• _Brief_: Leaving the pictures aside, transcribe every line below exactly.

• _Given data_:
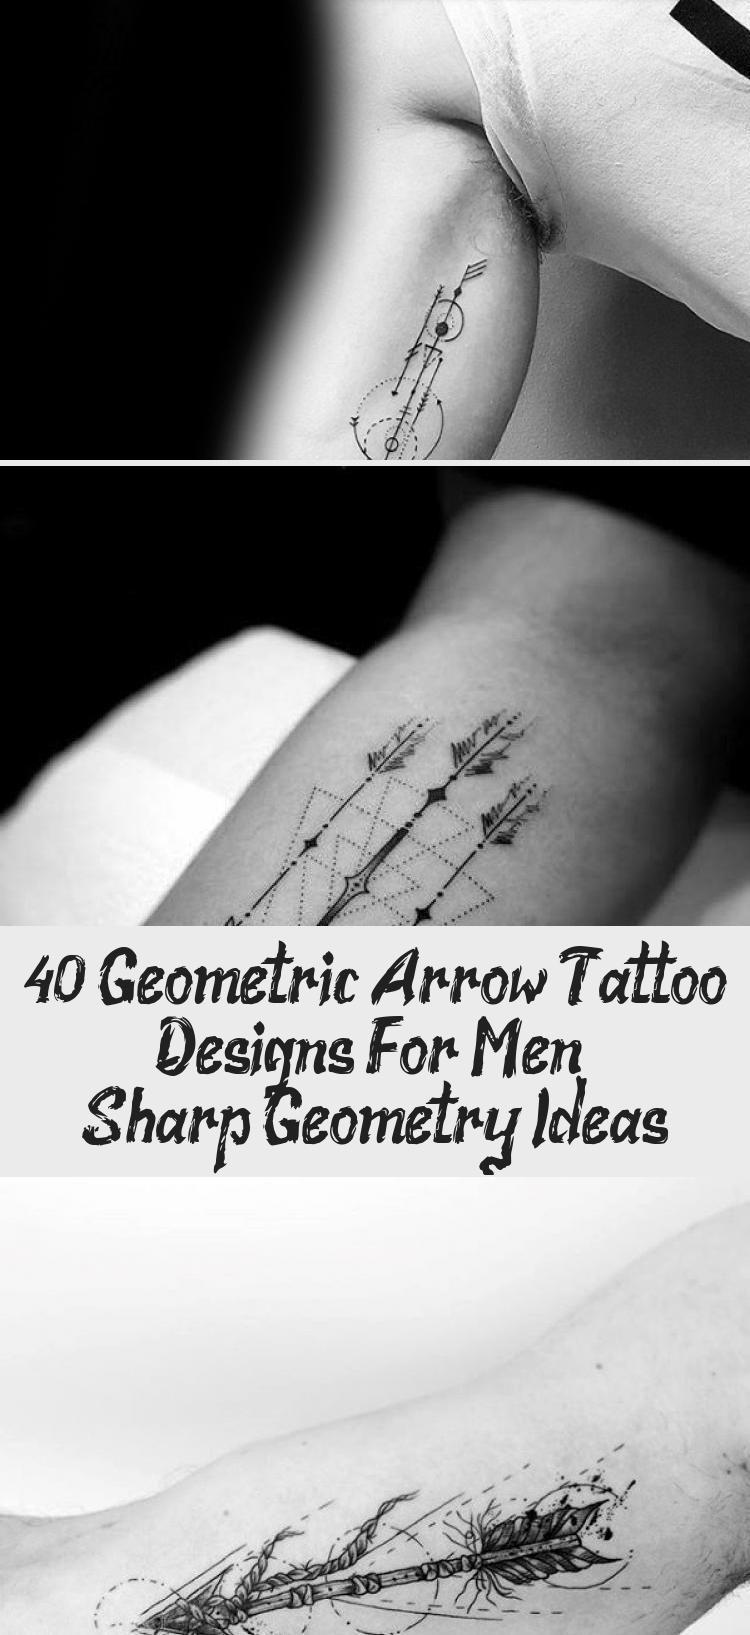 40 Geometric Arrow Tattoo Designs For Men  Sharp Geometry Ideas  Tattoo Blog  40 Geometric Arrow Tattoo Designs For Men  Sharp Geometry Ideas  Tattoo Blog  Cool Male G
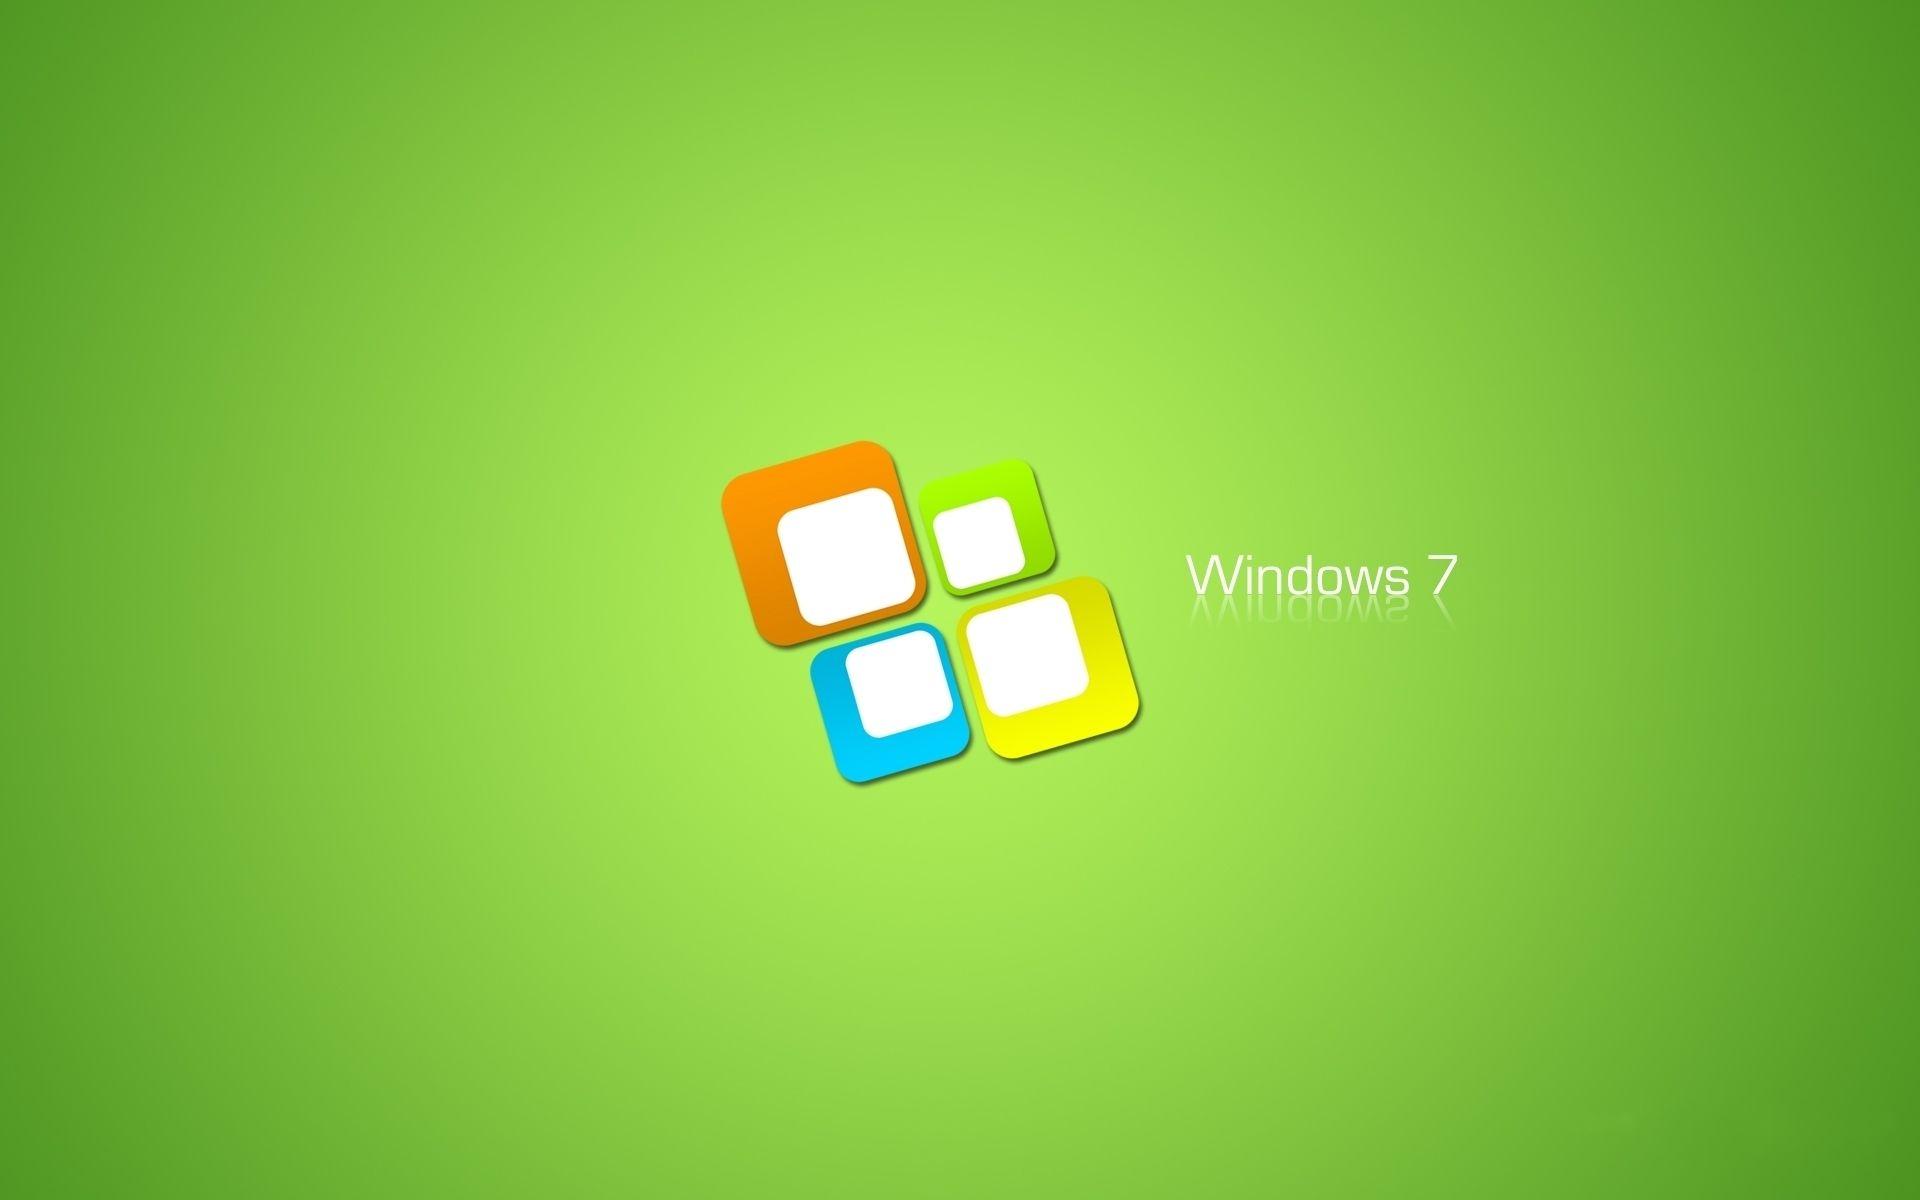 Windows vista backgrounds wallpaper hd wallpapers pinterest windows vista backgrounds wallpaper voltagebd Images
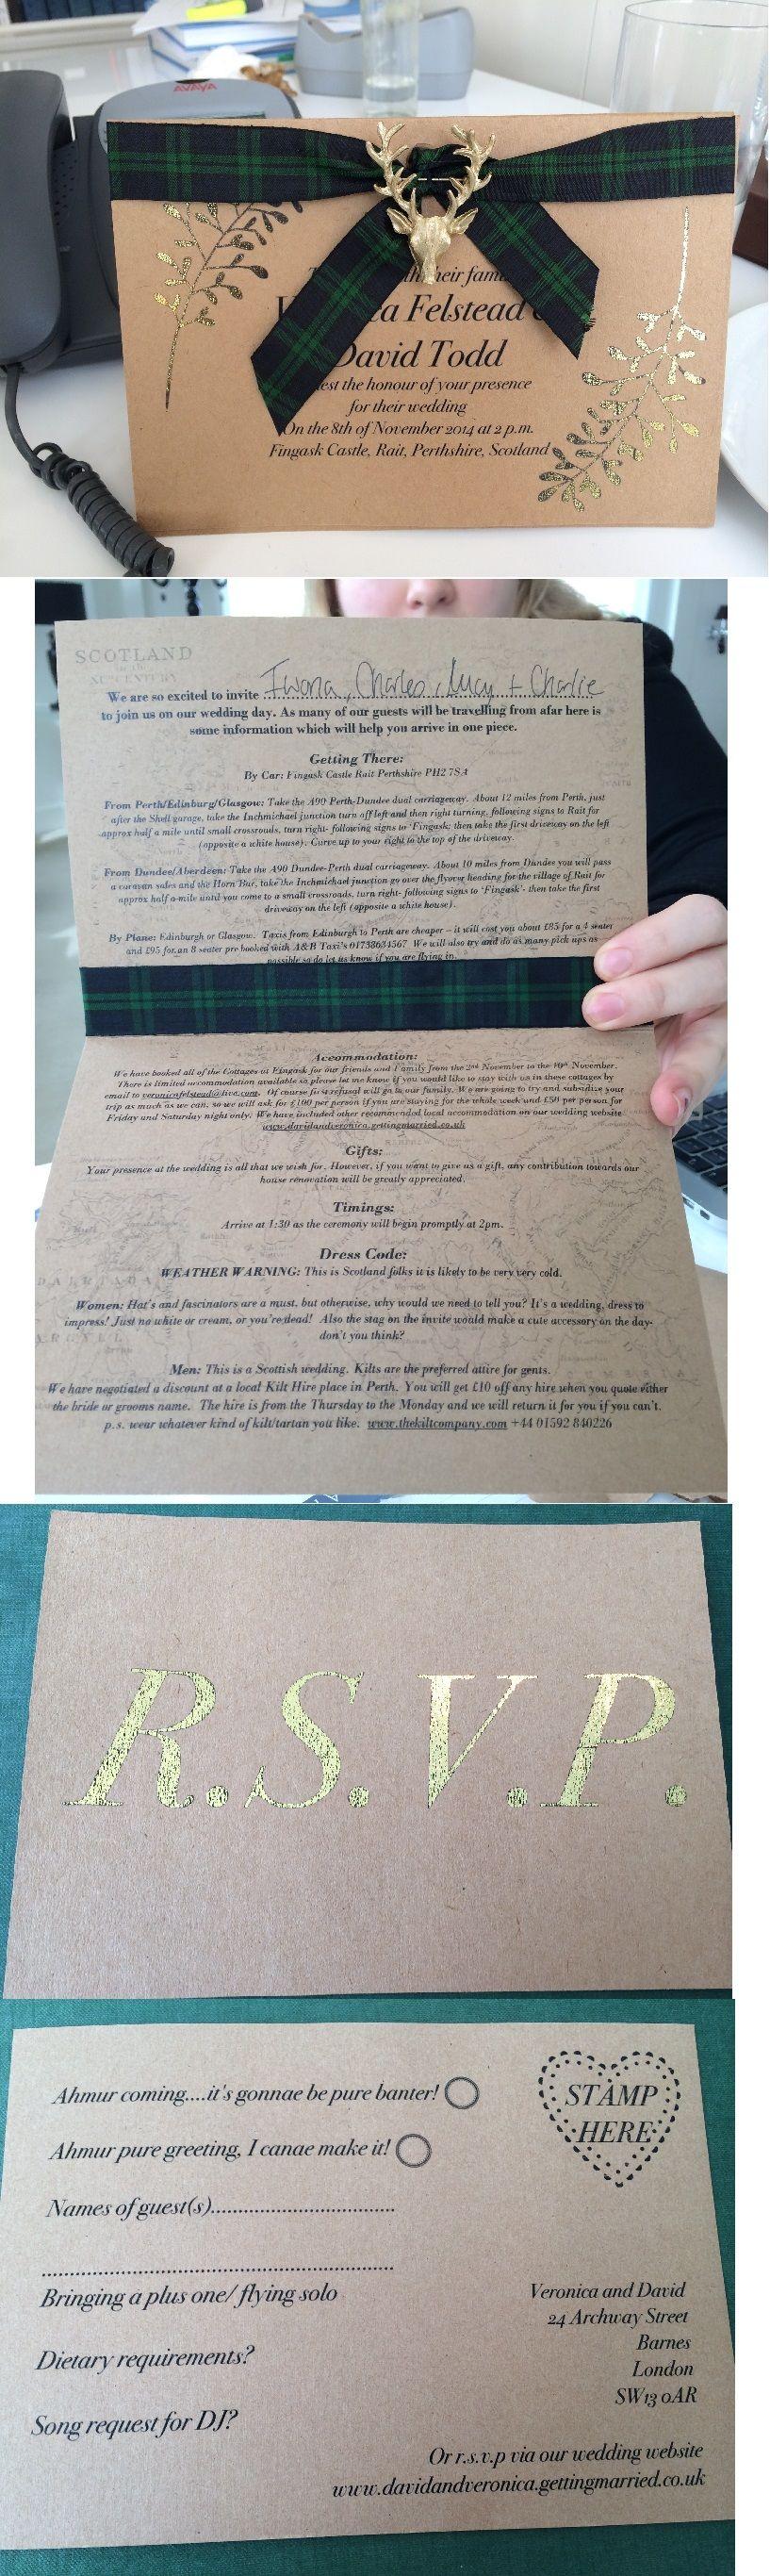 DIT Scottish Gold Wedding Invitation Black Watch Tartan. These ...
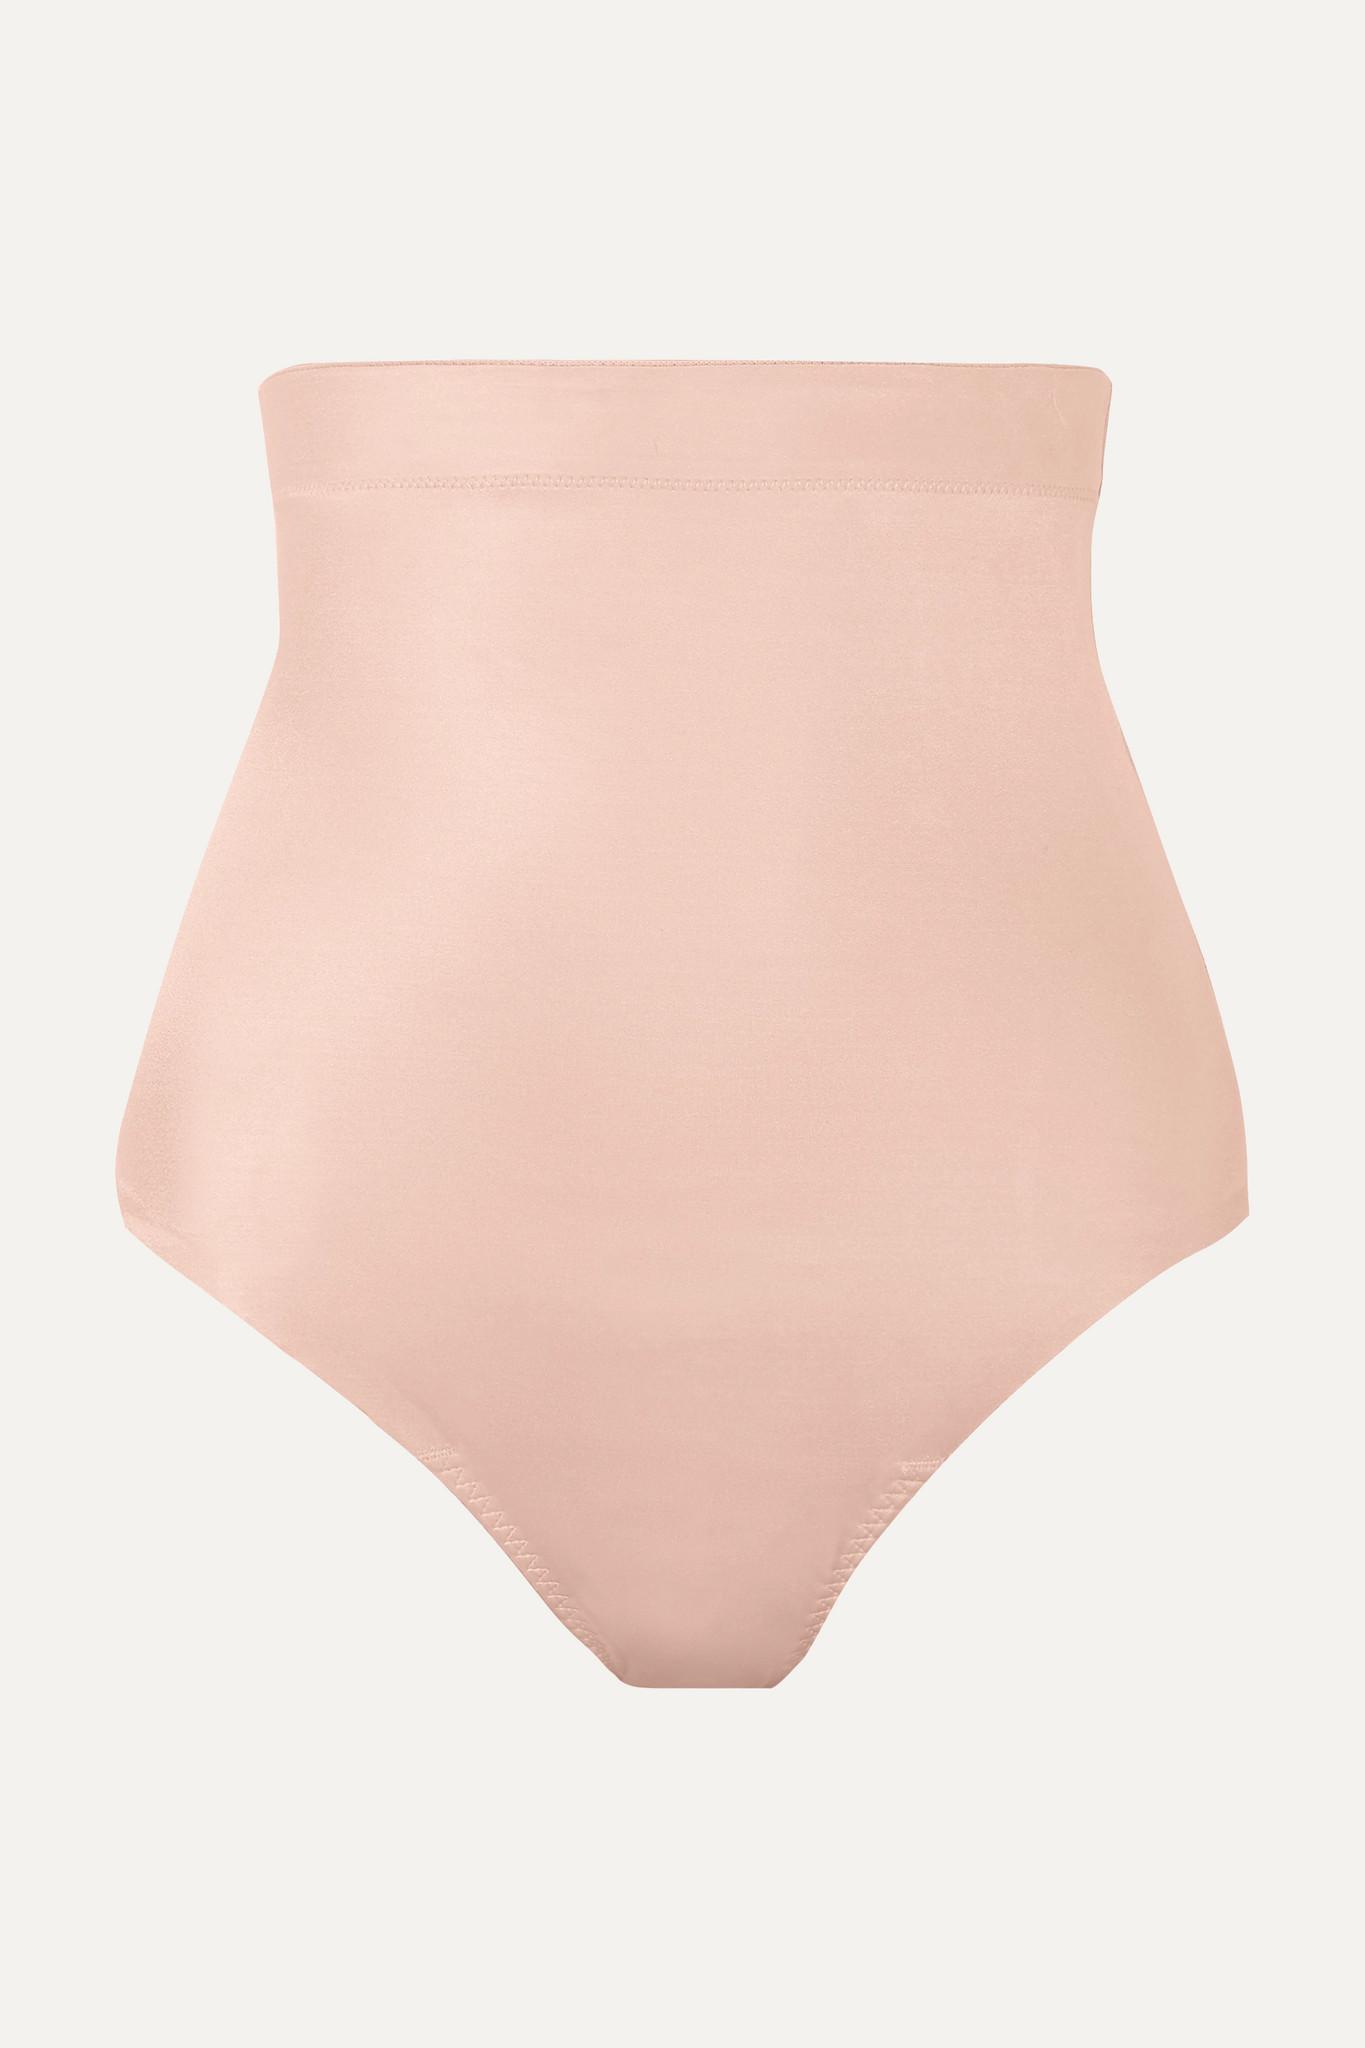 SPANX - Suit Your Fancy 高腰弹力平纹布丁字裤 - 中性色 - x large

• _Answer section_:
 40 Geometric Arrow Tattoo Designs For Men  Sharp Geometry Ideas  Tattoo Blog  40 Geometric Arrow Tattoo Designs For Men  Sharp Geometry Ideas  Tattoo Blog  Cool Male G
 Windows vista backgrounds wallpaper hd wallpapers pinterest windows vista backgrounds wallpaper voltagebd Images
 DIT Scottish Gold Wedding Invitation Black Watch Tartan. These ...
 SPANX - Suit Your Fancy 高腰弹力平纹布丁字裤 - 中性色 - x large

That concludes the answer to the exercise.